Friday, March 16, 2018

Conservation, consternation, and a really bad cold

No posts all week! I must be having a wild and crazy Spring Break!

Except no, I'm not. It's true that I had a great lunch with an old grad-school friend on Monday and went on a snowy hike with the grandson on Tuesday morning, but since Tuesday afternoon I've been tethered to a box of tissues and bumbling around through a haze of antihistamines. Why do I have to get sick just when things start getting interesting?

Wednesday was a total loss. On Thursday I felt energetic enough to go to my office (where the heat was working, unlike at home, where the temperature hovered just over 60 degrees all day) and worked very hard for a few hours and then came home and collapsed.

Today I needed to restock my supply of tissues but I didn't want to go all the way to Marietta, so I headed a few miles up the Muskingum to my namesake town of Beverly and tried not to sneeze all over the grocery store.

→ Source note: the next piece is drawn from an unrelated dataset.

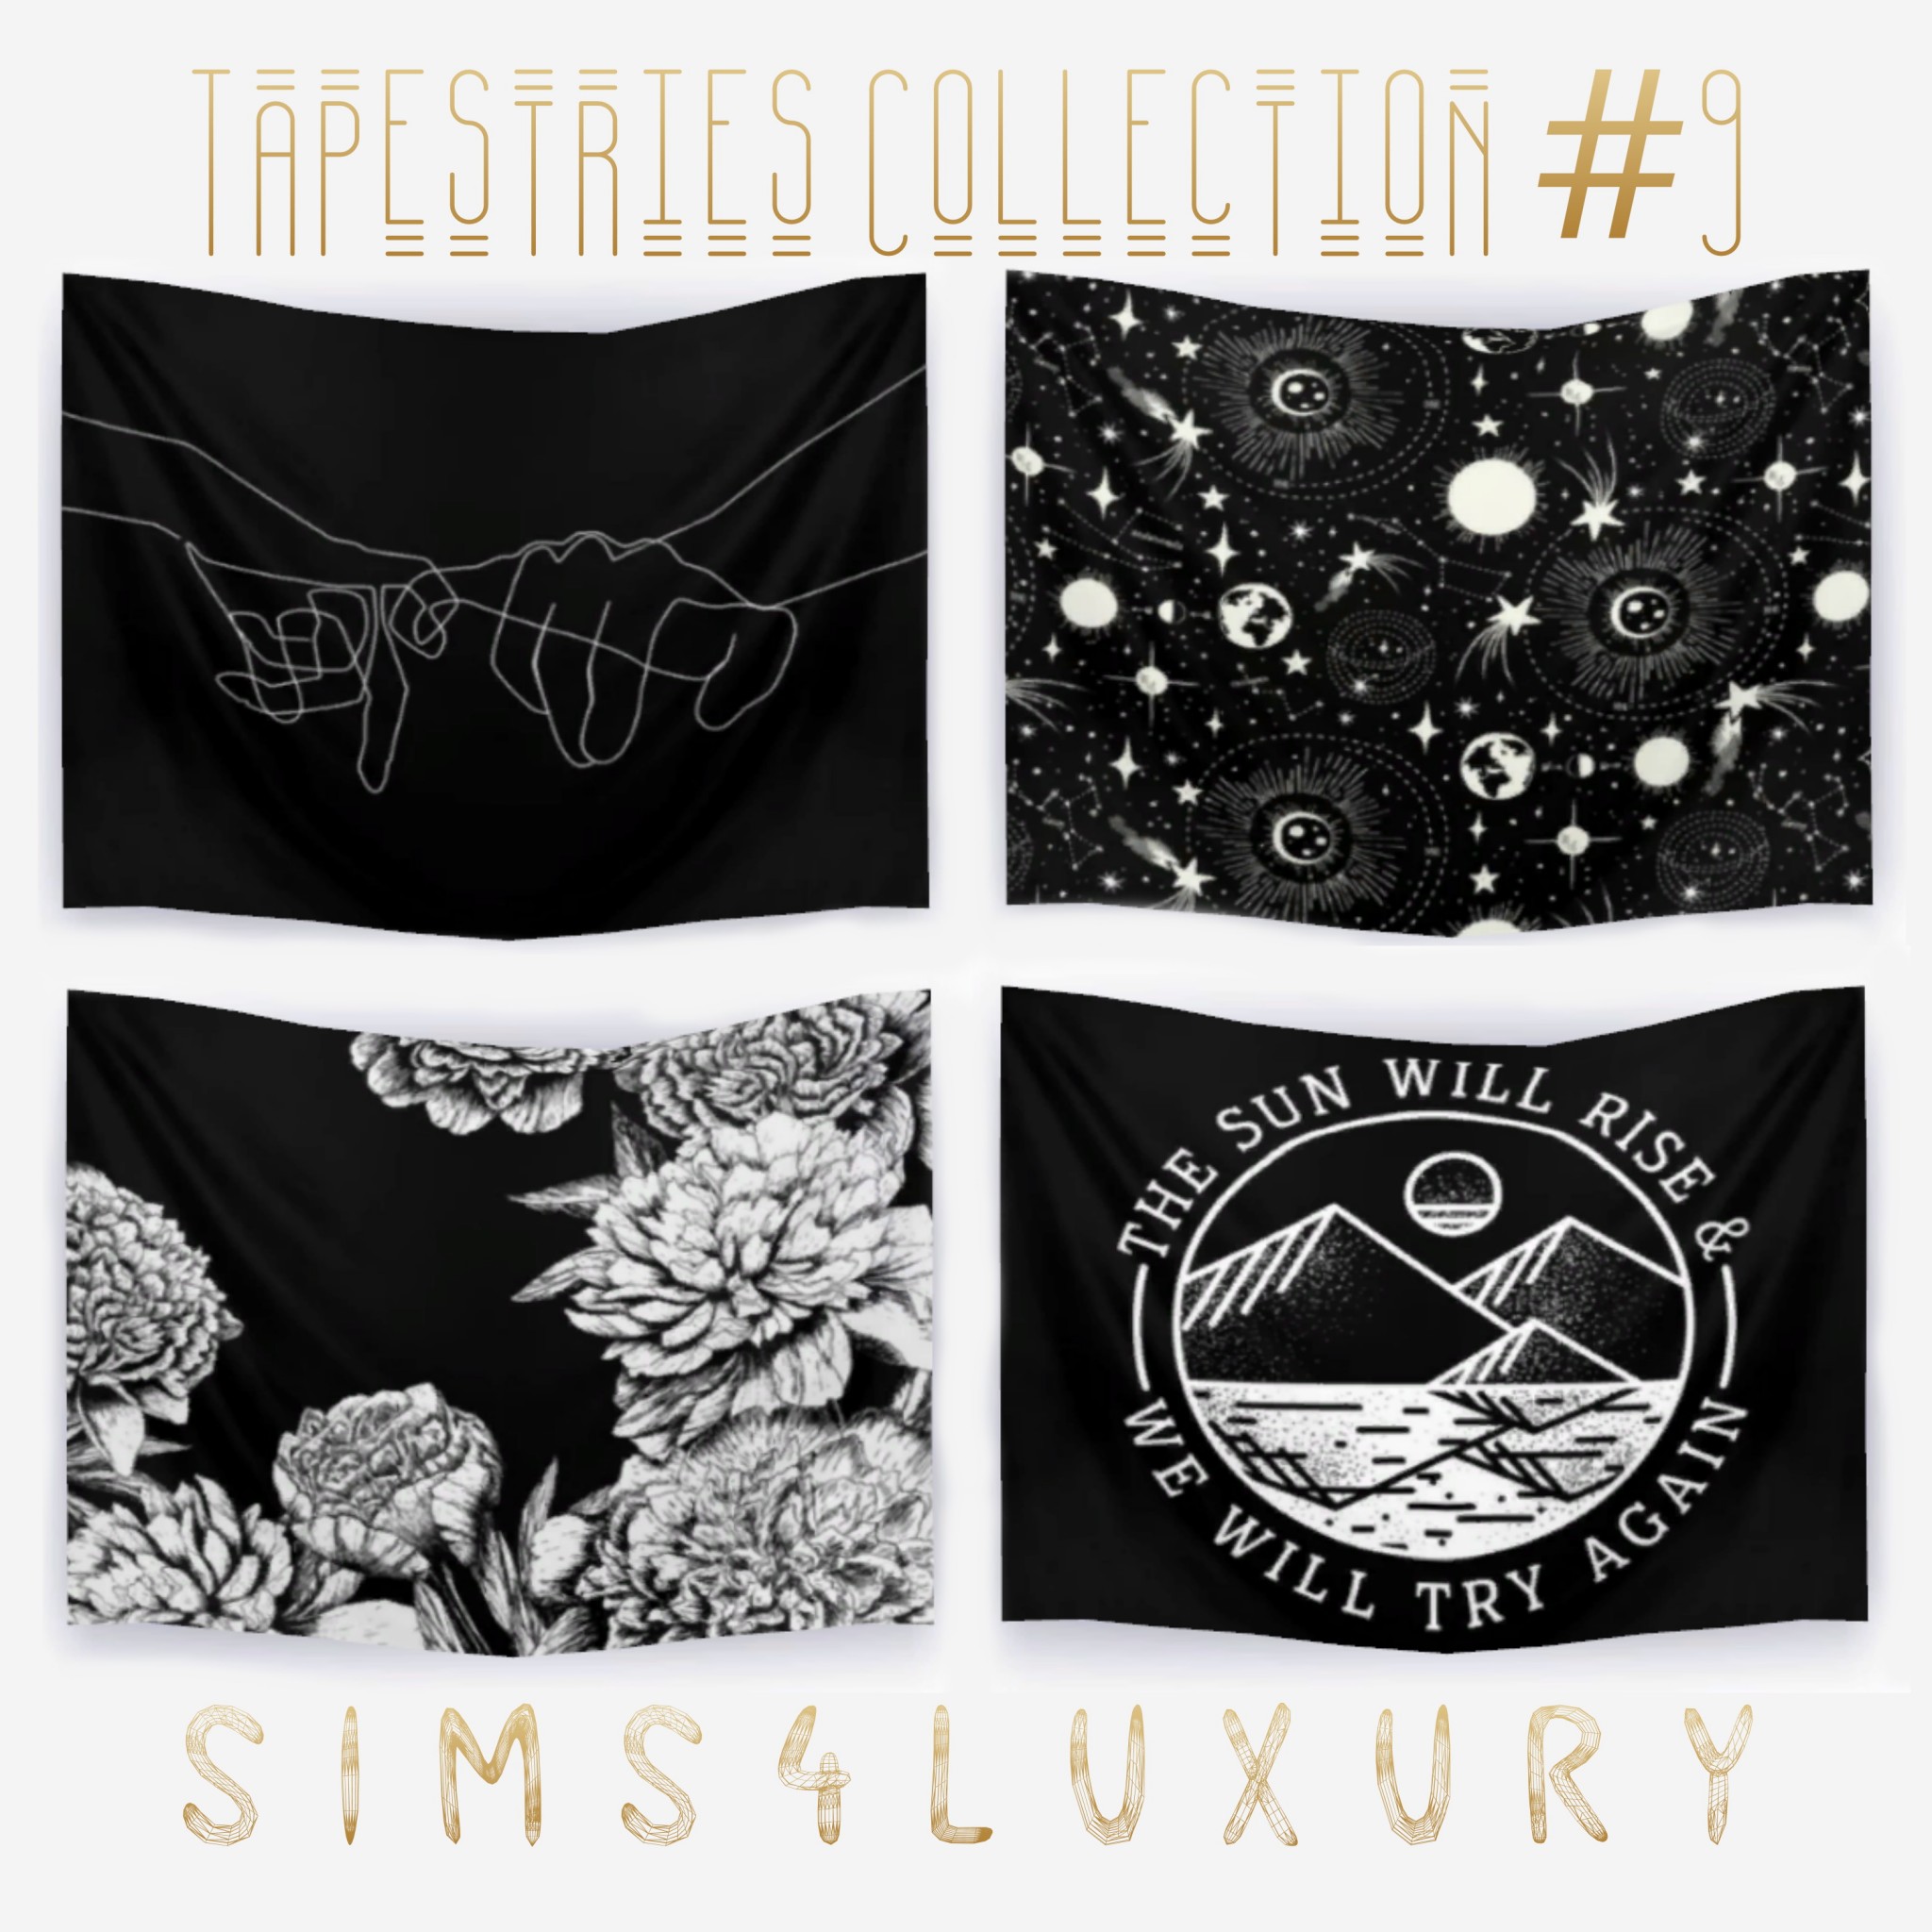 Sims4Luxury: Tapestries Collection 9 • Sims 4 Downloads
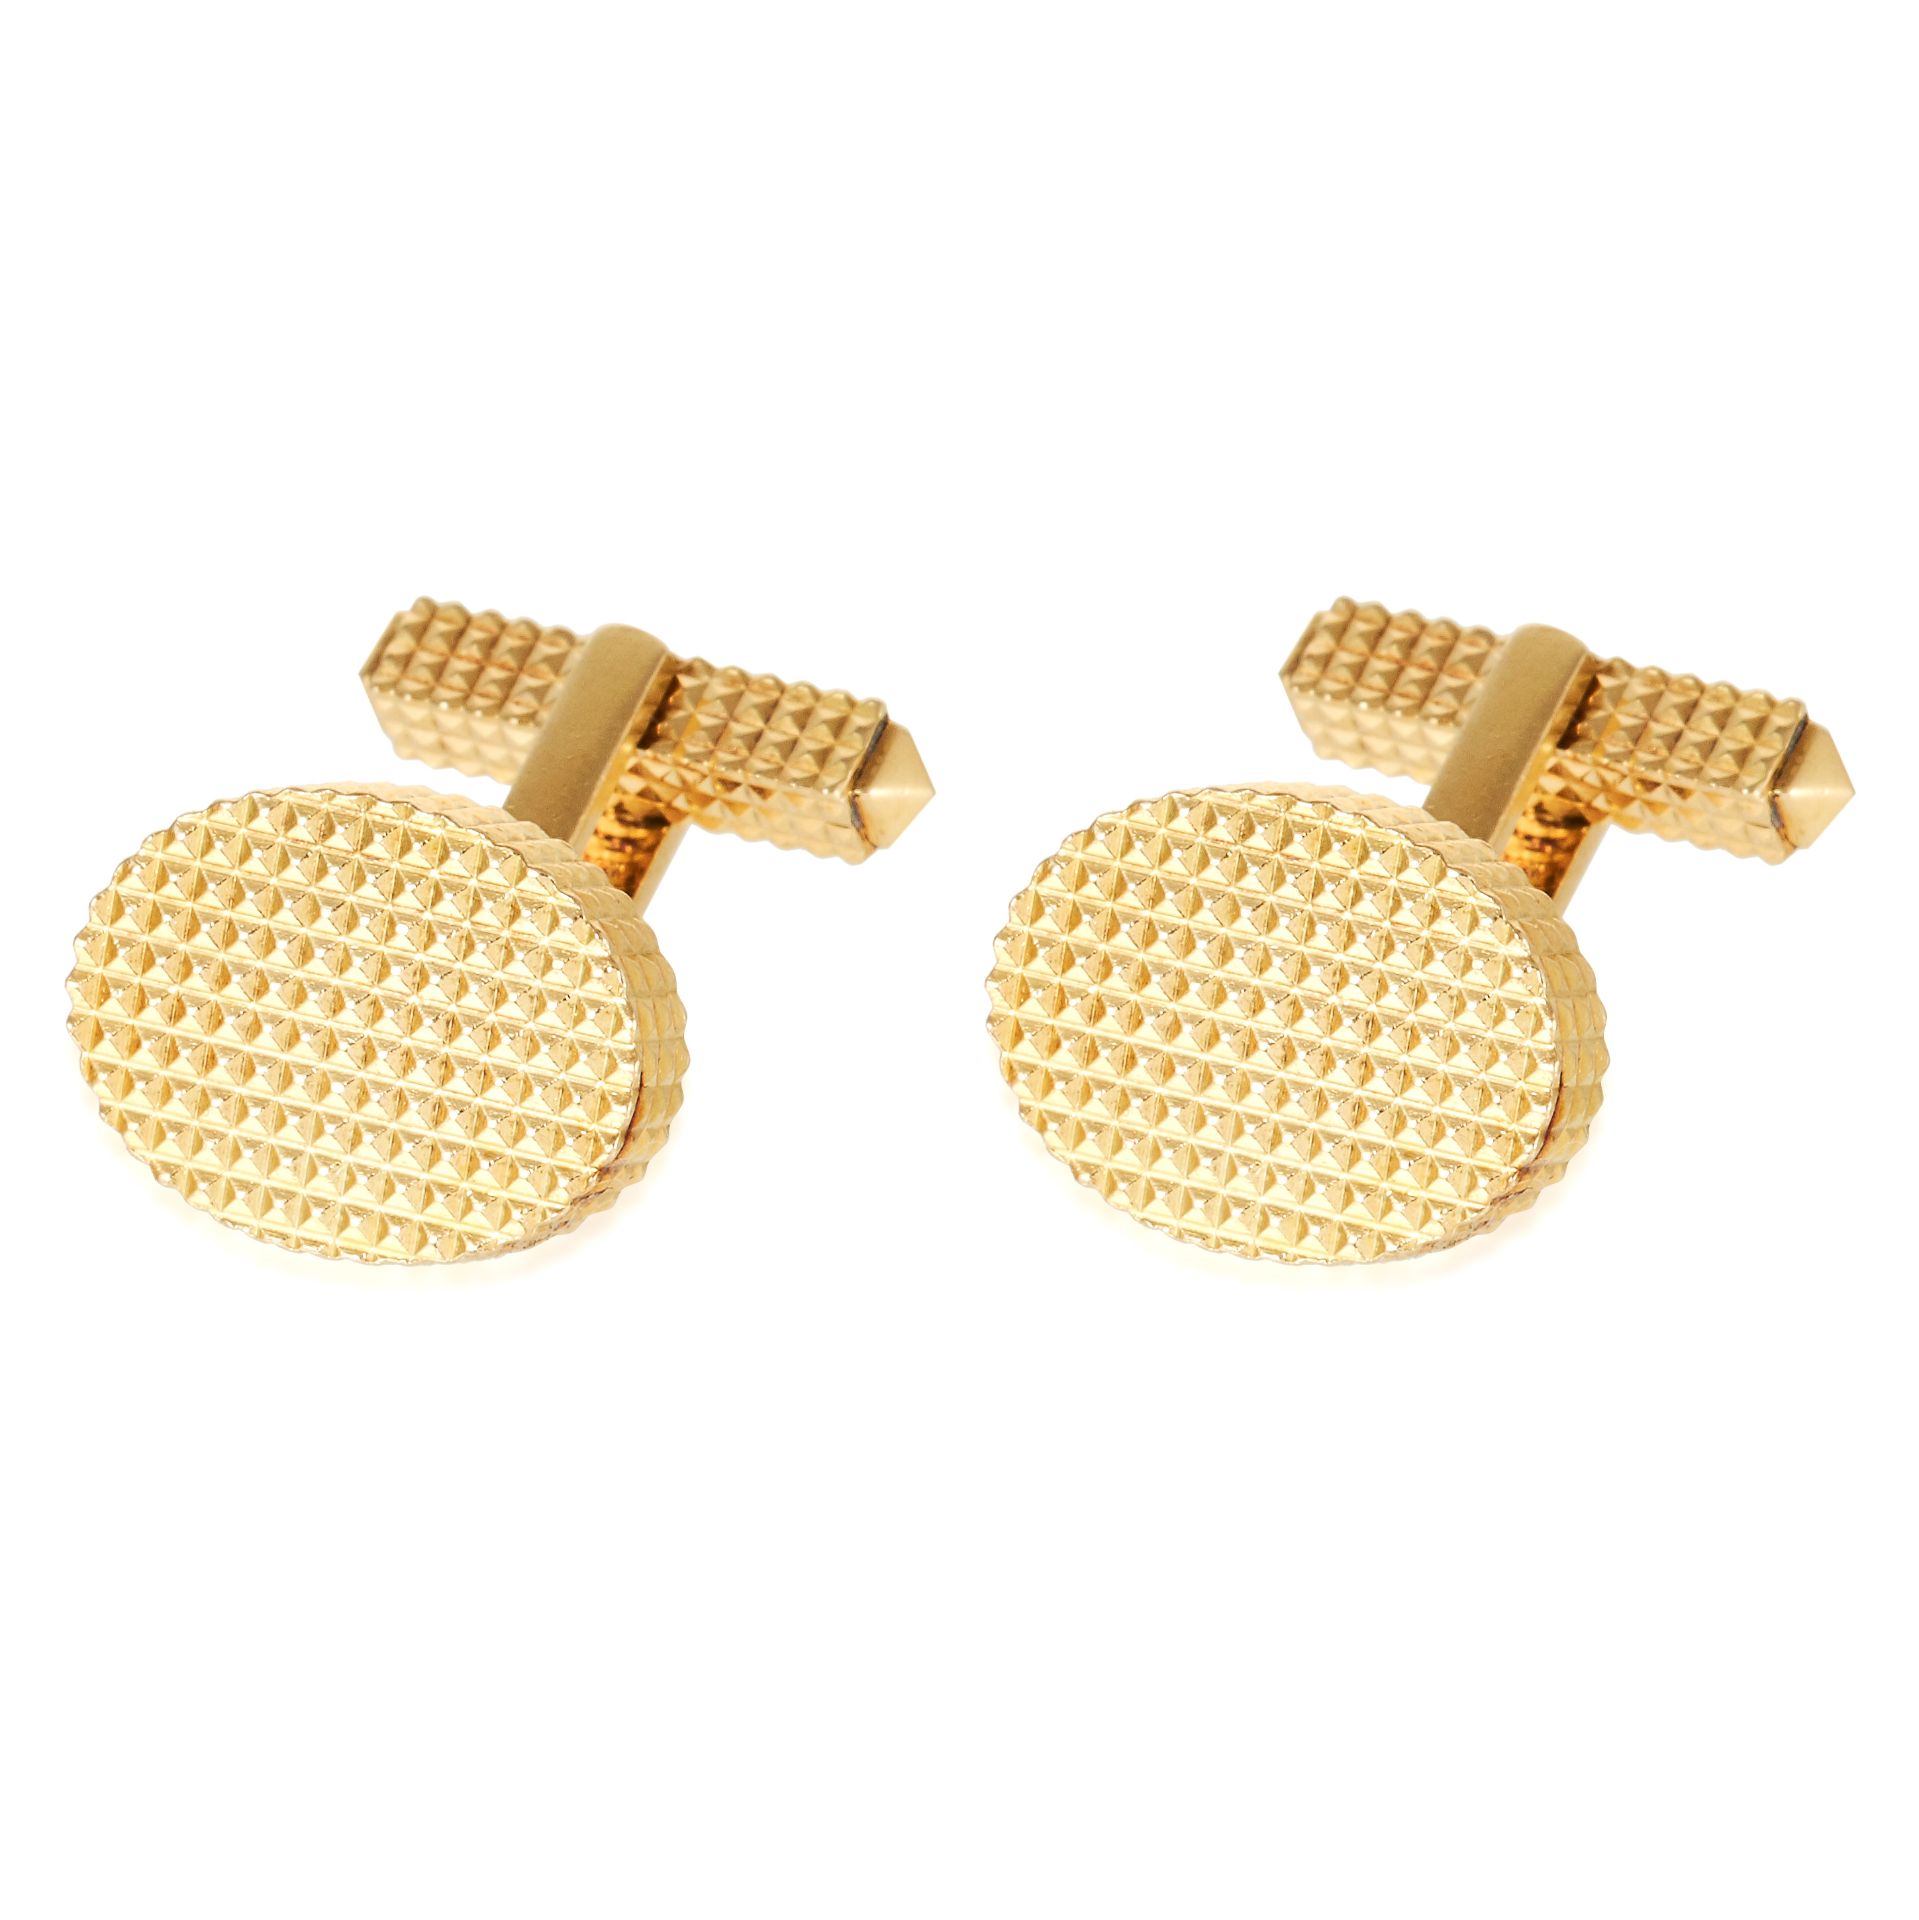 A PAIR OF HOBNAIL CUFFLINKS, TIFFANY & CO, CIRCA 1970s in 18ct yellow gold, with textured design,

But the weather was gorgeous and I was determined to stay outside and enjoy the crisp sunshine, so I drove a little further upriver, past the defunct coal-fired power plant that's slowly being disassembled, and turned left on the pot-holiest highway in the county to visit the Luke Chute Conservation Area, which I've driven past many times without ever stopping to see what's there.

What's there is a 60-acre plot criss-crossed with trails that run down a ravine, through woods and grassland, down to the river and alongside a creek. I heard song sparrows and flickers accompanied by the constant roar of water crashing over the low-head dam, and I saw water swirling past an island and puffy white clouds marching across the sky, accompanied by steam from the natural-gas-fired power plant on the hill across the river.

It was impossible to walk far, though, without being aware that around here conservation is necessarily linked with reclamation. Around the edges of the conservation area are ruins of abandoned buildings, and even the deep woods provide ample evidence that the area was long inhabited by residents who suffered no qualms about tossing their beer cans and old appliances over the edge of a ravine.

Luke Chute Conservation Area is managed by the Friends of the Lower Muskingum River, a group I recently joined because I've been an unofficial friend of the Muskingum for nearly 20 years and I thought it was high time to make our friendship official. It's clear that they have a big job on their hands "protecting and restoring land in the lower Muskingum watershed," and when they gear up again this spring, I'm looking forward to lending a hand.

But first I've got to get over this cold. Excuse me while I sneeze a few dozen times. (Good thing germs don't travel over the Internet.)

Trees bring beauty even in gray winter.

The path down the ravine.

Seriously, who thinks this is a good idea?

Power plant just visible in the upper right corner.

My river!


Luke Chute dam

Who does this? Why?

Pipe sticking up in the middle of woods. No idea.

The ruins of....something. Again, no idea.







2 comments:

Laura said...

It comes from too many generations of singing the "This land is your land" and leaving out all the "your" parts.

Bev said...

So true. No sense of the future, either.